The party had all the momentum early but it ground to a halt when talking about the gay sex issue and it was something we all knew was going to be something the party (and Tim) had to nip in the bud. The fact they (and he) did not just knee-capped the campaign and when the decision to move away from hope and towards scare tactics happened, it was game set and match for the party to ever hit the 30-40 MP mark that some (maybe many) thought was possible on April 18 when the General Election was called. Was Farron damaged goods or was the party? That is a great question.
When he only just held on to his seat despite the usual boost that party leaders get, that says a lot. Norman Lamb managed to hold on in North Norfolk despite facing real Brexit related challenges. Tom Brake held off the Tories yet again in Carshalton & Wallington. Stephen Lloyd was able to wrestle back Eastbourne despite it being a leave area. Tim Farron is (and I still say is) a very popular constituency MP but he nearly lost. This has to be down in some degree to his performance as leader of the party.
Maybe had he quit in early May then the party would have been able to wrestle back some of that momentum. I don’t think any party leader should not want to carry on with the job certainly relatively early on in the campaign. Look at Paul Nuttall for example. I do think Tim gave everything but if your heart isn’t deep down in it then people can see that.
I have serious doubts as to whether Tim decided to quit two weeks into the campaign. The timeline just doesn’t fit with how he acted post June 8. If he’s speaking the truth and he knew he was going post General Election and still quit in the Grenfell Tower aftermath then that is not a good look and not a good legacy to leave. People talk about things leaving a bad taste in the mouth, if that is how it went down then bloody hell, that looks terrible.
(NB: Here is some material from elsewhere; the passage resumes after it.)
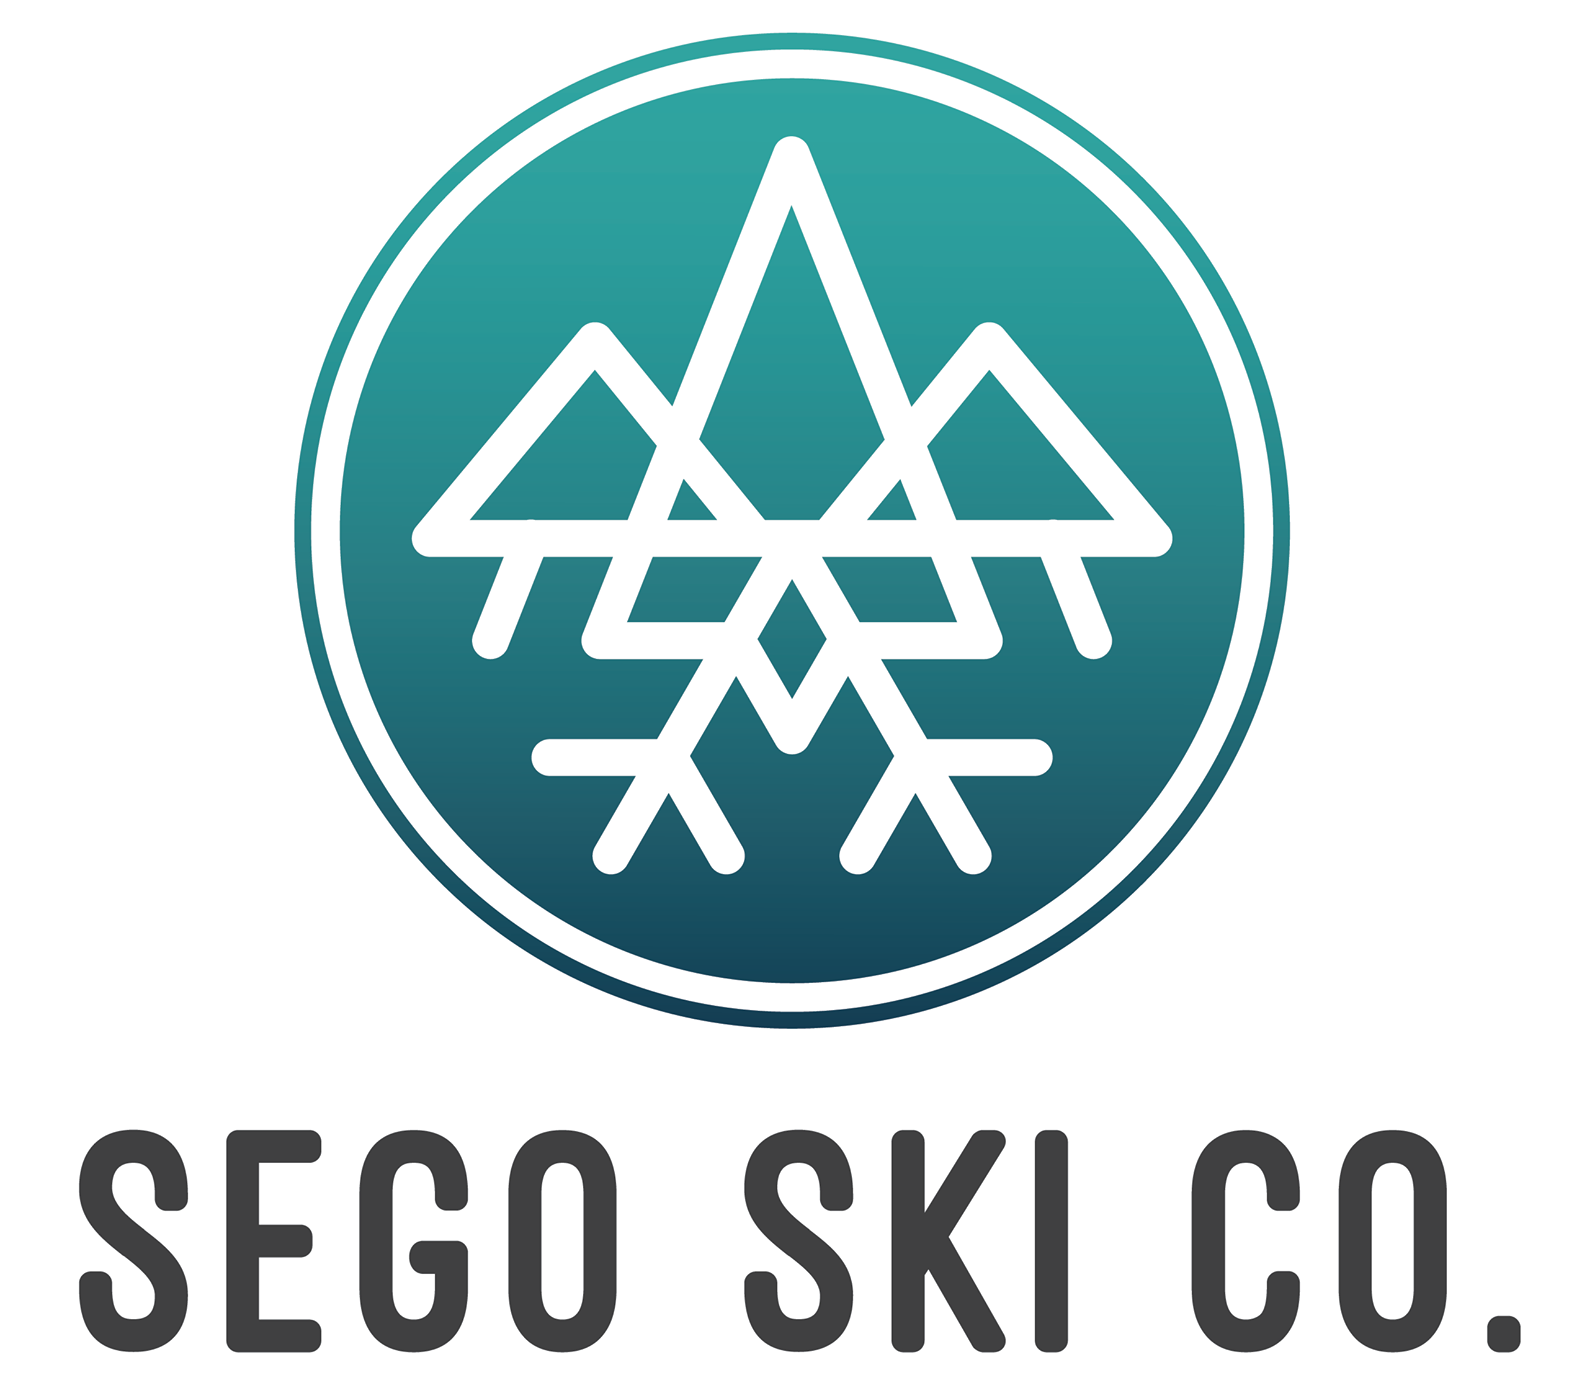 Sego Skis logo
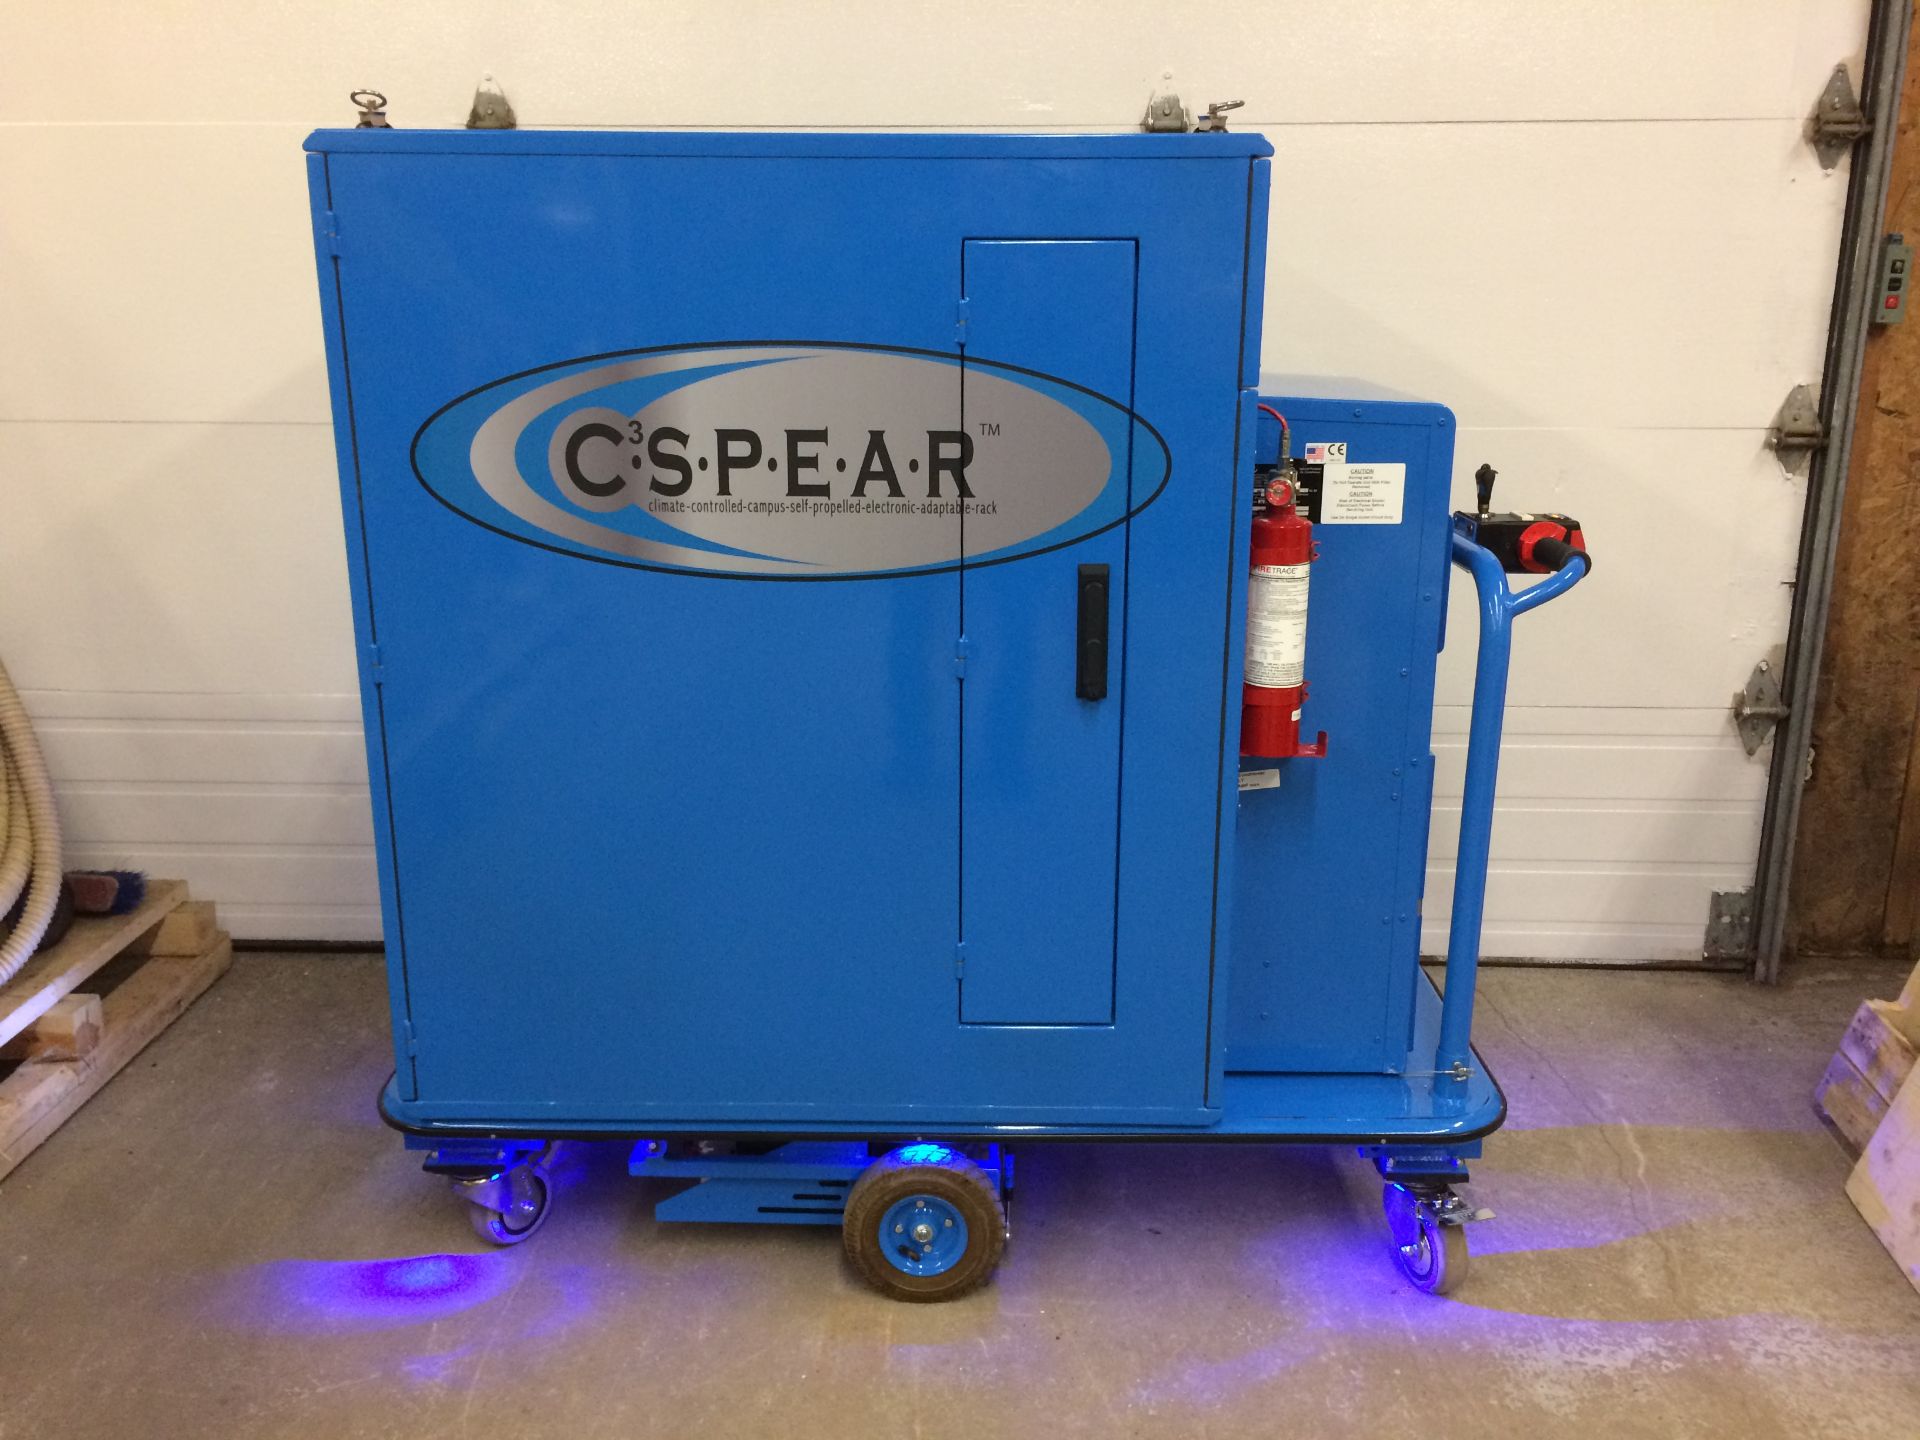 Cabinet de serveur mobile (auto-porter) réfrigéré C3 SPEAR (location Vaudreuil,QC) - C3 SPEAR cooled

Lastly he said that his job was to save the party and that it still exists and is moving forward. Well it does still exist but whether it is moving forward is still very much up in the air. The country is clearly veering towards two-party politics once again (more so than two years ago) due to the fact so many LD/Con battles have seen the party move into third behind Labour. Depressingly I don’t see any real recovery unless Brexit is an utter disaster.
Until Jeremy Corbyn gets his chance then the country will want to see what he can do. The next General Election (whenever it will be) will surely see more of a Labour surge and due to the lack of tactical voting prowess of many voters, that will lead to even fewer Lib Dem MPs.
The future’s bright, The future’s orange says a popular advertising slogan. For the Lib Dems though this does not feel accurate at the moment.